ABOUT THIS TASK ▸
From the line that contains "Cattani Suction - Starter Kit" to the final line below, both included, print each line exactly and skip the pictures.

RECORDED DATA ▸
##############################

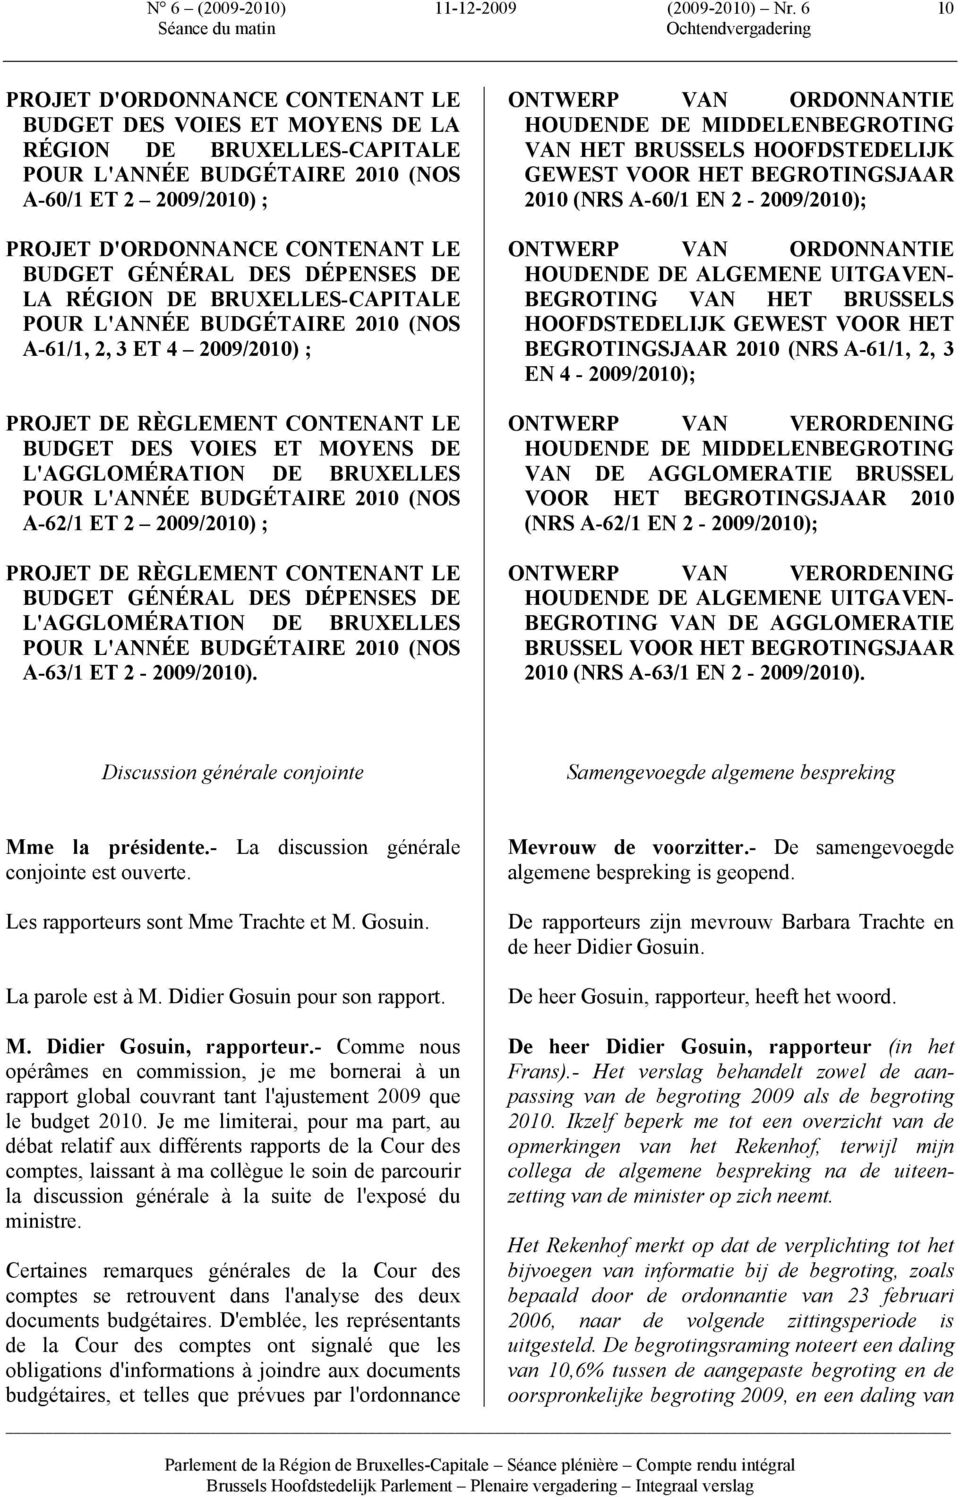 GÉNÉRAL DES DÉPENSES DE LA RÉGION DE BRUXELLES-CAPITALE POUR L'ANNÉE BUDGÉTAIRE 2010 (NOS A-61/1, 2, 3 ET 4 2009/2010) ; PROJET DE RÈGLEMENT CONTENANT LE BUDGET DES VOIES ET MOYENS DE L'AGGLOMÉRATION
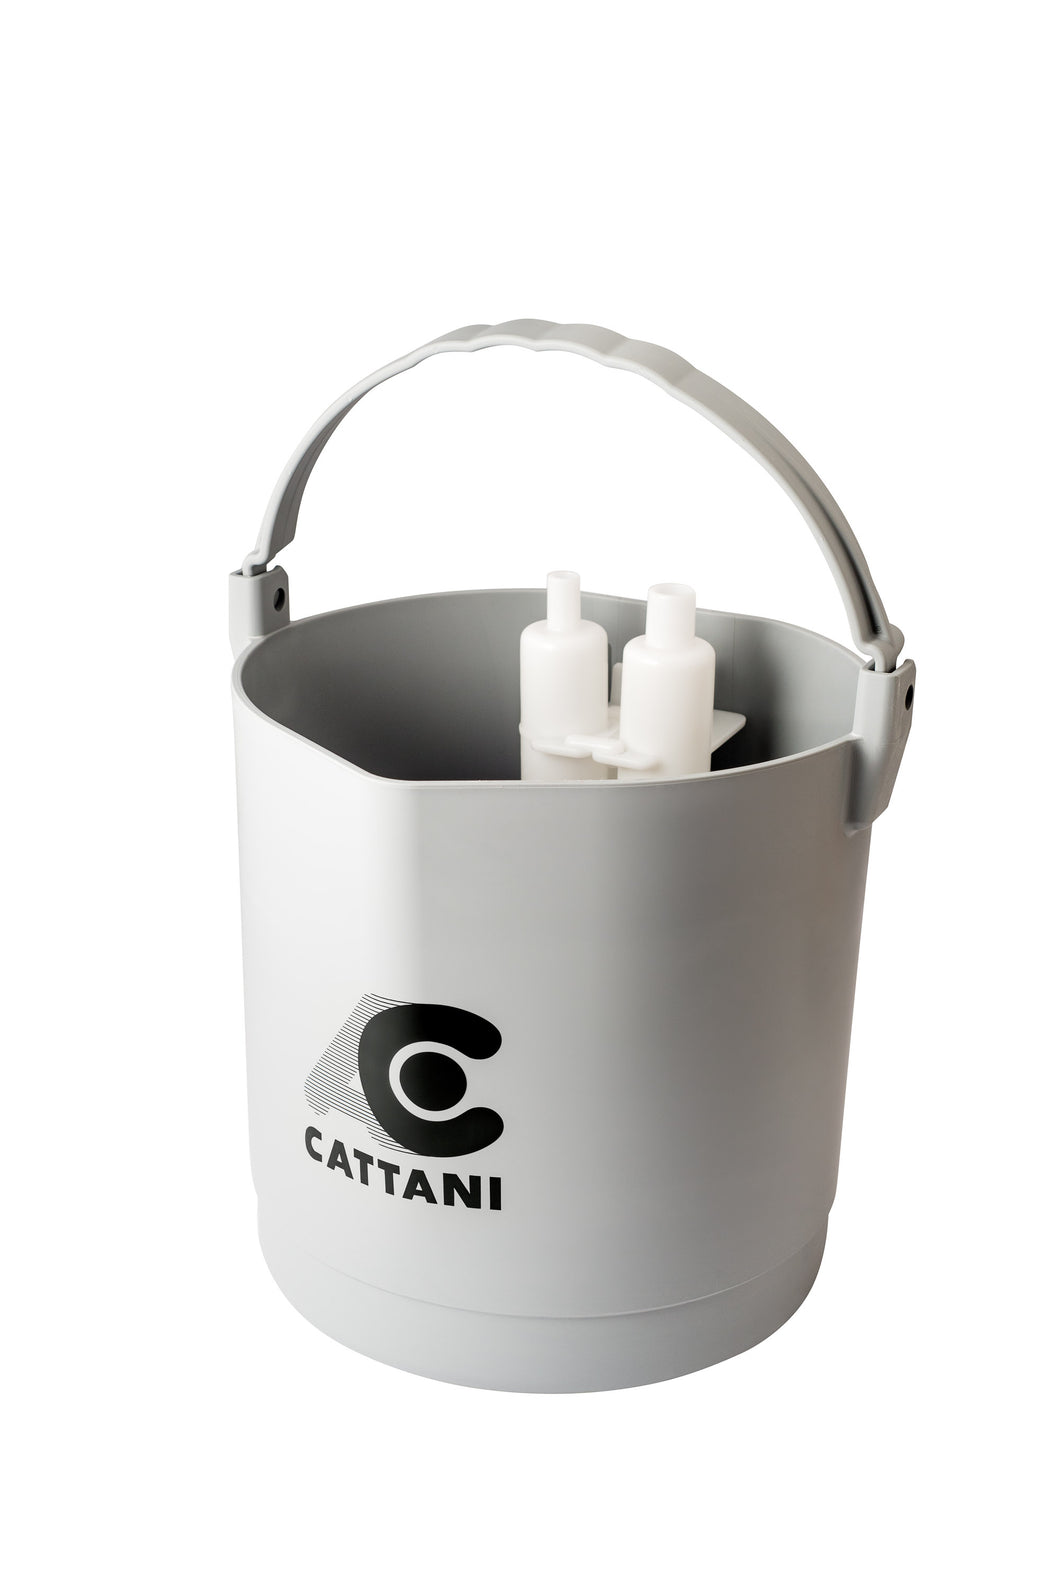 Cattani Suction - Starter Kit
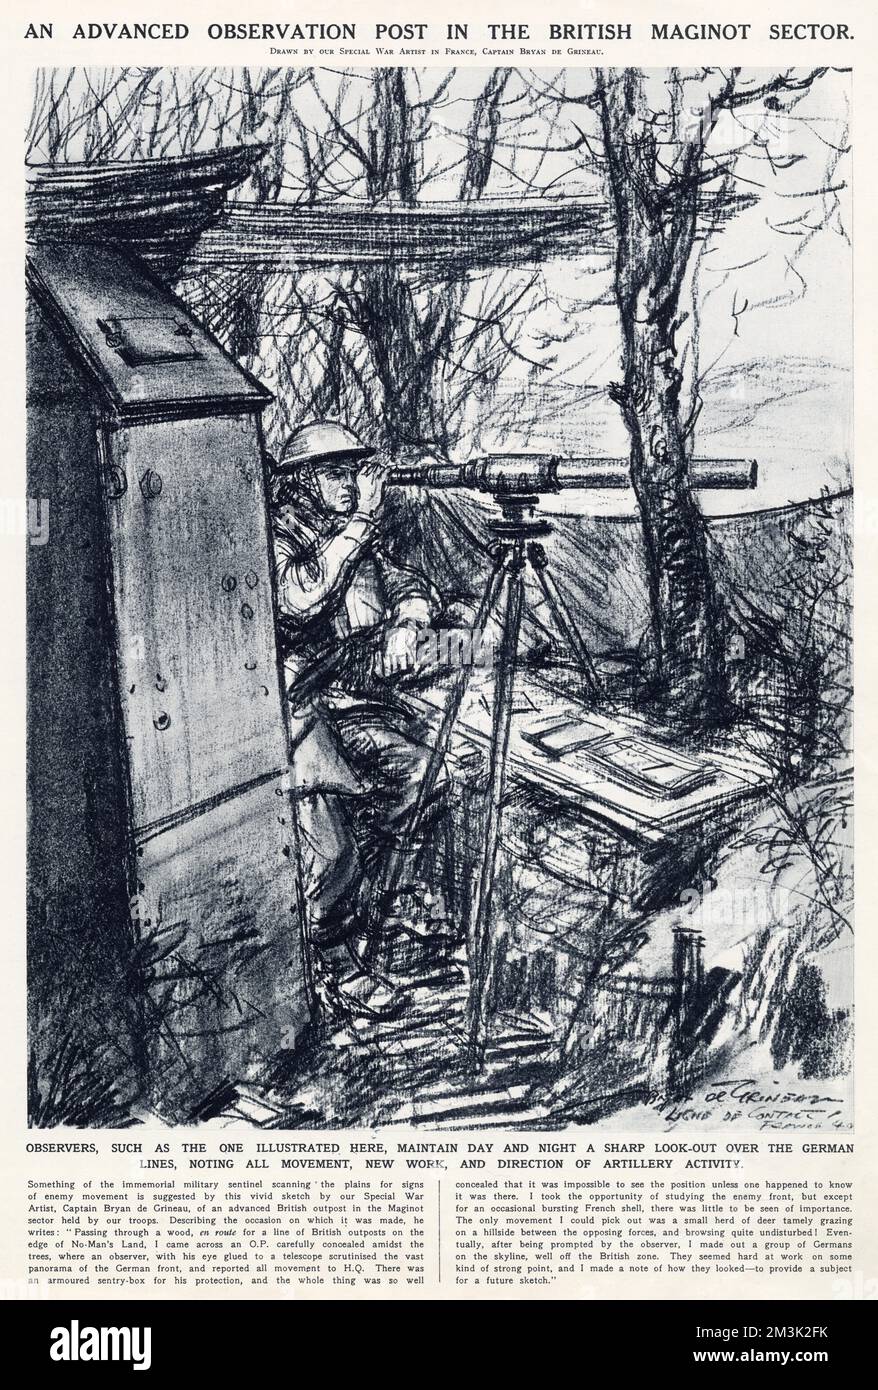 Zeichnung, die einen Advanced Observation Post im britischen Sektor der Maginot-Linie zeigt, März 1940. Dieser Beobachter beobachtete mit einem Teleskop die deutschen Positionen und bemerkte alle feindlichen Bewegungen und Artillerieaktivitäten. Stockfoto
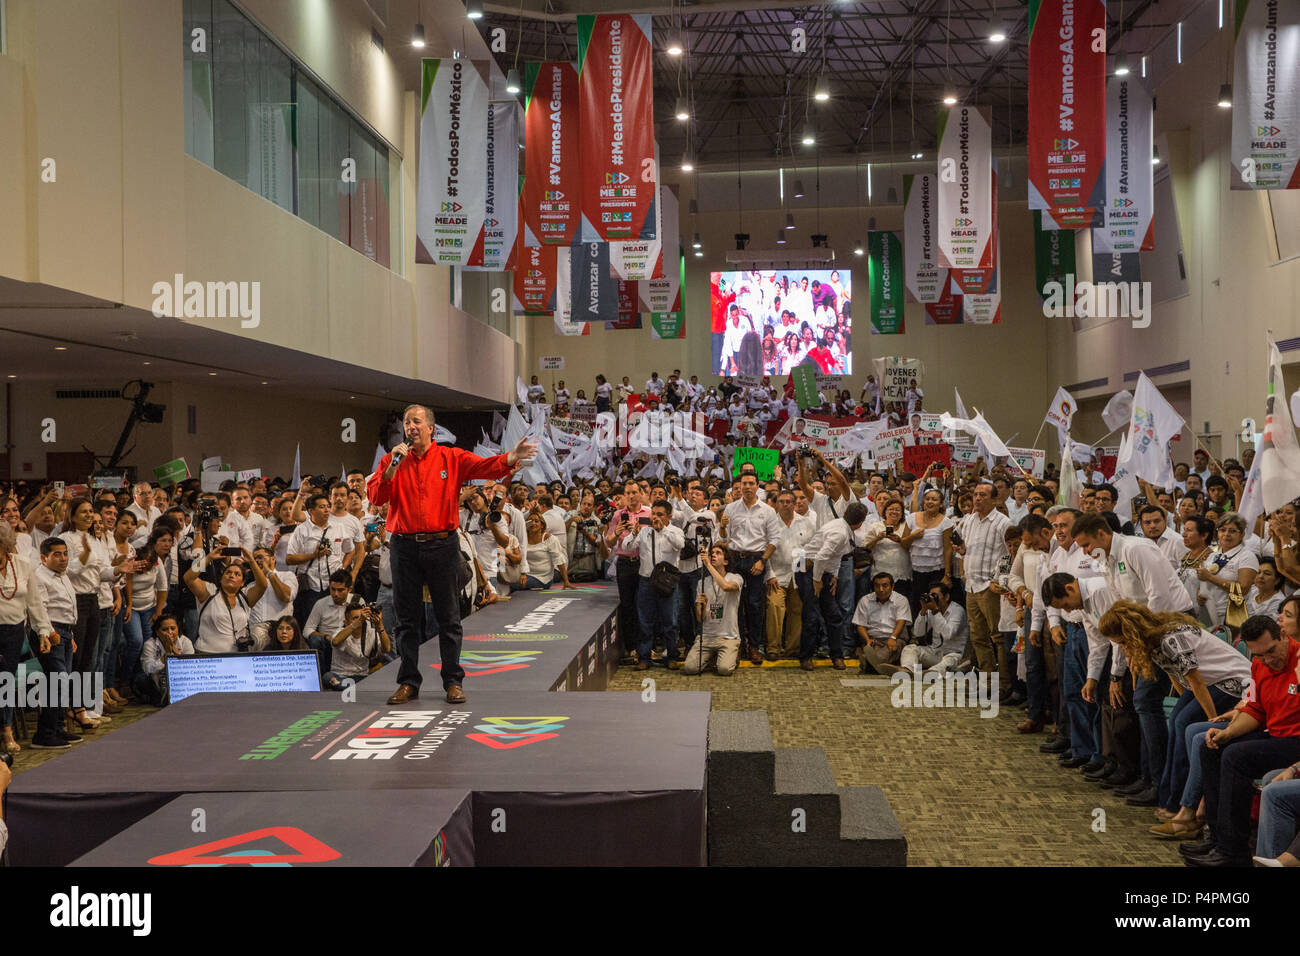 Un evento de campaña para JosŽ Antonio Meade, dirigente del Partido Revolucionario Institucional (PRI) y candidato a las elecciones presidenciales, el 27 de mayo de 2018, Campeche, México. Foto de stock

##############################

RESPONSE ▸
 Cattani Suction - Starter Kit
 Zeichnung, die einen Advanced Observation Post im britischen Sektor der Maginot-Linie zeigt, März 1940. Dieser Beobachter beobachtete mit einem Teleskop die deutschen Positionen und bemerkte alle feindlichen Bewegungen und Artillerieaktivitäten. Stockfoto
 Un evento de campaña para JosŽ Antonio Meade, dirigente del Partido Revolucionario Institucional (PRI) y candidato a las elecciones presidenciales, el 27 de mayo de 2018, Campeche, México. Foto de stock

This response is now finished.